賃貸でピアノを弾きたいなら防音・防振対策が必須!

楽器OK物件であっても、トラブル防止のために防音・防振の対策はしておきましょう。

防音対策

防音グッズの定番は、吸音パネルや防音カーテン、ヘッドホンなどです。

ただ、音漏れは部屋の密閉度に関係しているため、建物の構造によってはどんなに対策しても音漏れを防げないことがあります。吸音パネルや防音カーテンのネックは、この点と価格です。また、低価格な製品だとほとんど意味がない場合も。

したがって、電子ピアノや消音機能付きピアノであれば、ヘッドホンを装着するのが最もお手軽で確実な防音になります。自分にとって心地よい装着感や音鳴りのものを選ぶために、必ず楽器店や家電量販店などで複数を試すようにしましょう。

下記記事では、ヘッドフォンを選ぶときの注意点やよくある失敗パターンなどが紹介されているので、初めてヘッドフォンを購入する方は一読しておくことをおすすめします。

振動対策

先ほどもお話ししたように、ピアノだと振動が近所迷惑の原因になりやすいため、振動対策をしっかりしておかなければなりません。

振動は、ピアノと接している壁や床に伝わります。

壁の対策としては、壁にピッタリつけずに、少し離して設置しましょう。壁の薄さが気になるのであれば、防音(防振)パネルや毛布を取り付けるだけでも効果が期待できます。床の対策には、防振マットや厚めのカーペットを敷きましょう。

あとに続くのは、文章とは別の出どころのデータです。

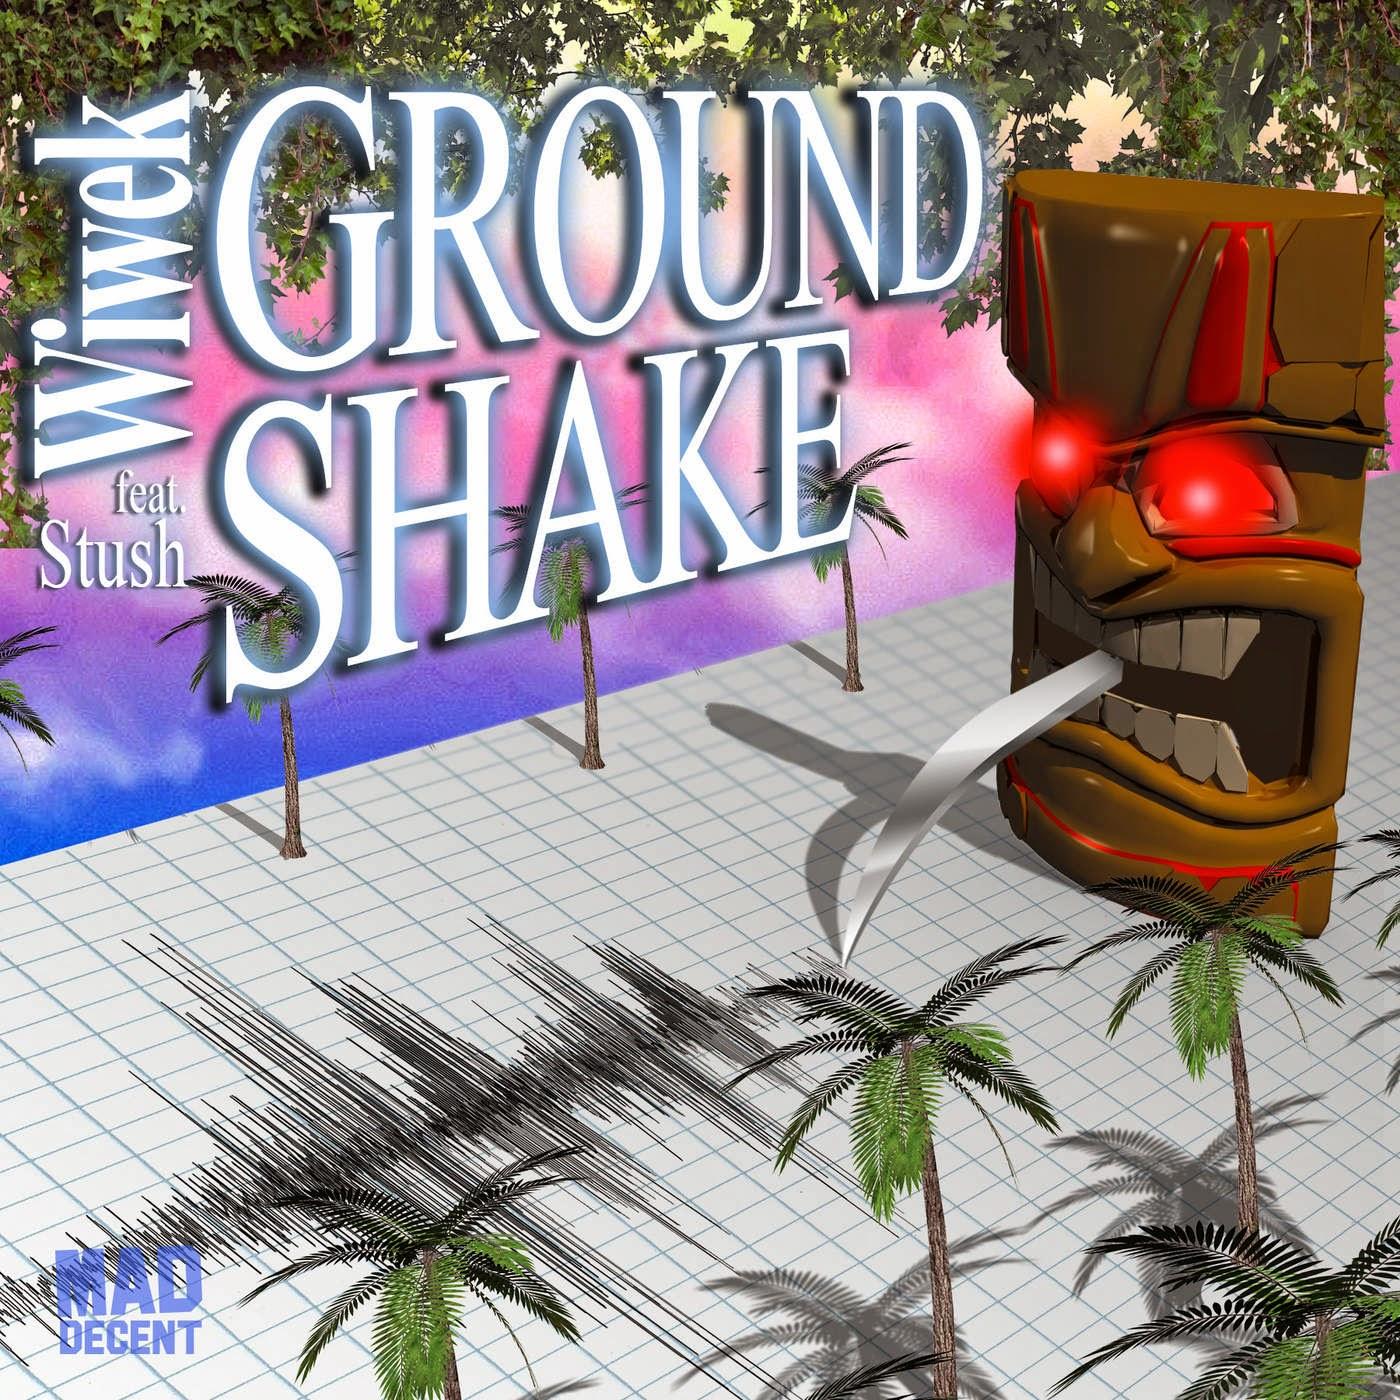 Wiwek - Ground Shake (feat. Stush) - Single  Cover

いずれの方法でも、ピアノ設置後に対策するのは大変なので、引っ越し前に準備しておくことをおすすめします。

下記記事では、ピアノの音の伝わり方や防音・消音におすすめの対策方法を詳しく紹介しているので併せてチェックしてみてください。

まとめ

賃貸マンションへのピアノの持ち込みは、何かと制限が出てきてしまいます。ただ、しっかりとした対策と周りへの配慮があれば、トラブルの回避は十分に可能です。

ちょっとした工夫で快適な自宅練習が実現できるので、これから引っ越しを考えている方はぜひ本記事の内容を試してみてくださいね。